I’ve mentioned before that my background is a mix of communication studies and sociology. I’m teaching a summer session of Mass Media and Society this summer, so I’ve spent a lot of time in the past week talking about identity and representation.

The crux of the course, the main thing that I’m trying to communicate to my students, is that art is never just art. In other words, it’s never just a game or just a movie. It’s a cultural shorthand. There are myriad social experiences that a single viewer/reader/player will never experience, so the mediated version of these experiences become the reality—I may never travel to Paris, but I’ve seen movies set there, and I’ve read books about Paris and Parisian life. For me, those representations make up the entirety of my view of what Paris is like.

We have a very specific view of artists in our society—the lone, starving artist, dedicated to their vision. We frame art as something that comes solely from within and is put into the world.

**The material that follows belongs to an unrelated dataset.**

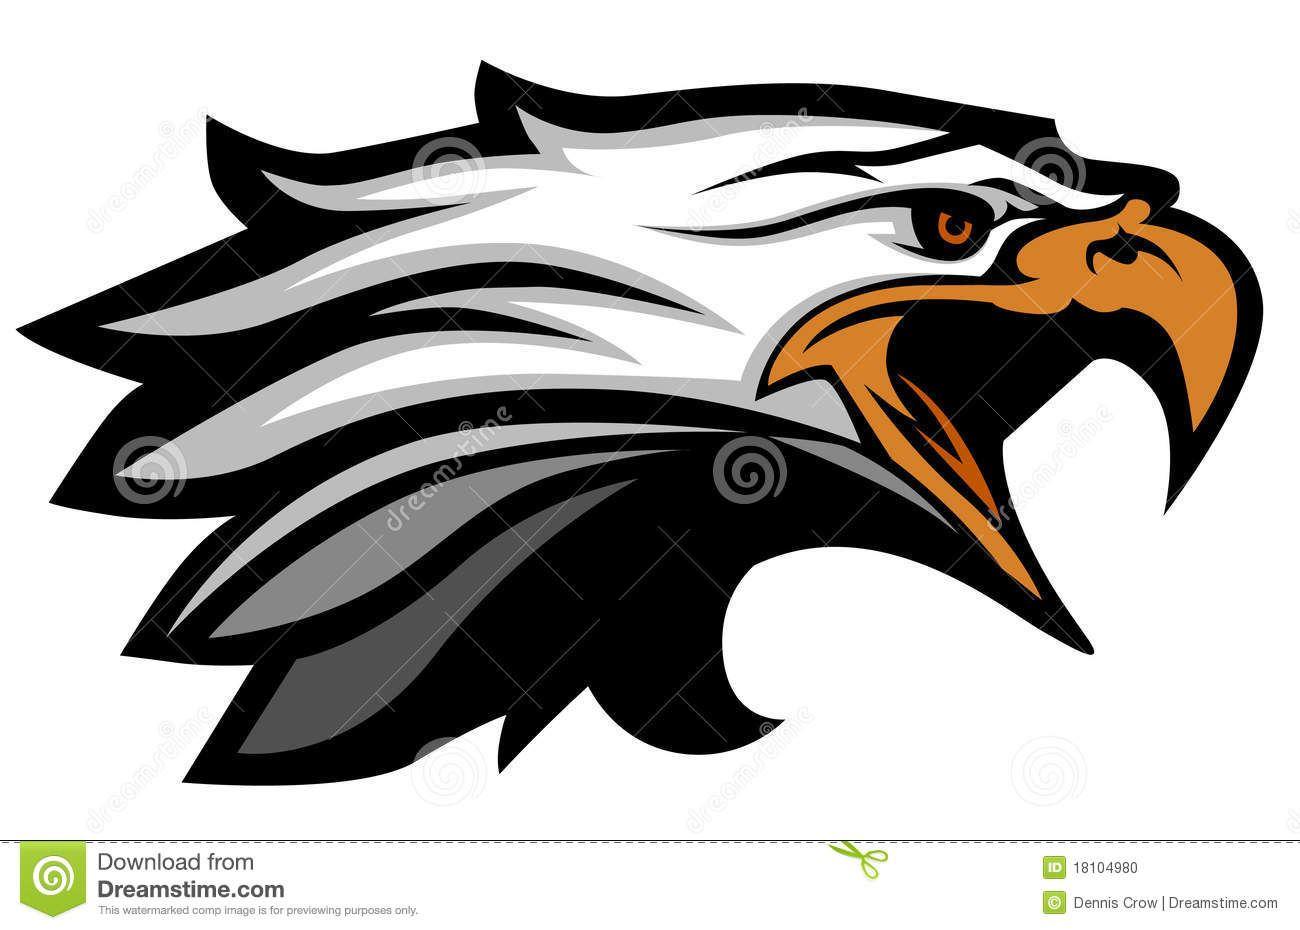 Nixa - Eagles 7

This, honestly, is a load of crap.

I don’t mean to imply that creative endeavor is impersonal, because obviously the desire to create and the things we choose to spend our time on are personal. But this notion that an artist’s creations aren’t informed by the world they live in is flat-out wrong.

People don’t live in a vacuum. The world that we live in and our social identities shape our experiences. My experiences and point of view as an American are going to translate into the things that I create—in a legal sense, I’m allowed to address topics that writers in other parts of the world can’t, and in a social sense, the things that I think are important are going to be defined by my context (for instance, my sociological background gives me a different set of tools with which to address issues than might be available to someone with a background in, say, physics). What we know, the body of information or ideas that we have to pull from, depends on our social context.

One of the second main themes of my class is that, while we can certainly be critical of media constructions and representations, we do have to acknowledge the degree to which they can present certain things as normal.

The media sell us ideas about what “normal American life” looks like. We tend to see the same patterns in our media narratives. Spend a couple of minutes on TV Tropes (you won’t just spend a couple of minutes; that site is a time-eater), and you’ll see that creative works tend to go back to some of these same safe patterns. Which is not necessarily a bad thing—it gives people something familiar to latch on to, and that can ease the whole story-telling process.

But there are a lot of tropes surrounding identity.


And those are just some of the ones related to racial identity and gender/sexual identity.  

We see characters presented in certain ways over and over again—to the exclusion of other presentations. It normalizes these presentations. If you’re shown over and over again “this is what these people are like,” then, at a certain point, if you don’t see anything else, you accept that presentation.

Art isn’t consumed in a vacuum, either. Our readers/viewers/players also approach our work from within their context. And it’s very possible that their context has been shaped by some problematic things.

I’ve been thinking about my responsibility as someone who creates. I don’t like being told what I can and can’t do with a story more than anyone else, but it’s becoming clearer to me that I have to examine the context into which I’m releasing my work. What are some of the notions that I take for granted? That my readers take for granted? What’s shaping some of my story decisions, and do these decisions help or hurt the group that I’m trying to present?

I’m not perfect—obviously. I will inevitably slip up and produce pieces that are ignorant or hurtful. But if I don’t want my work to be used as an excuse to say “hey, all of group x are this way”—and let’s be clear, I don’t want that—then I have to take responsibility. I have to examine my context.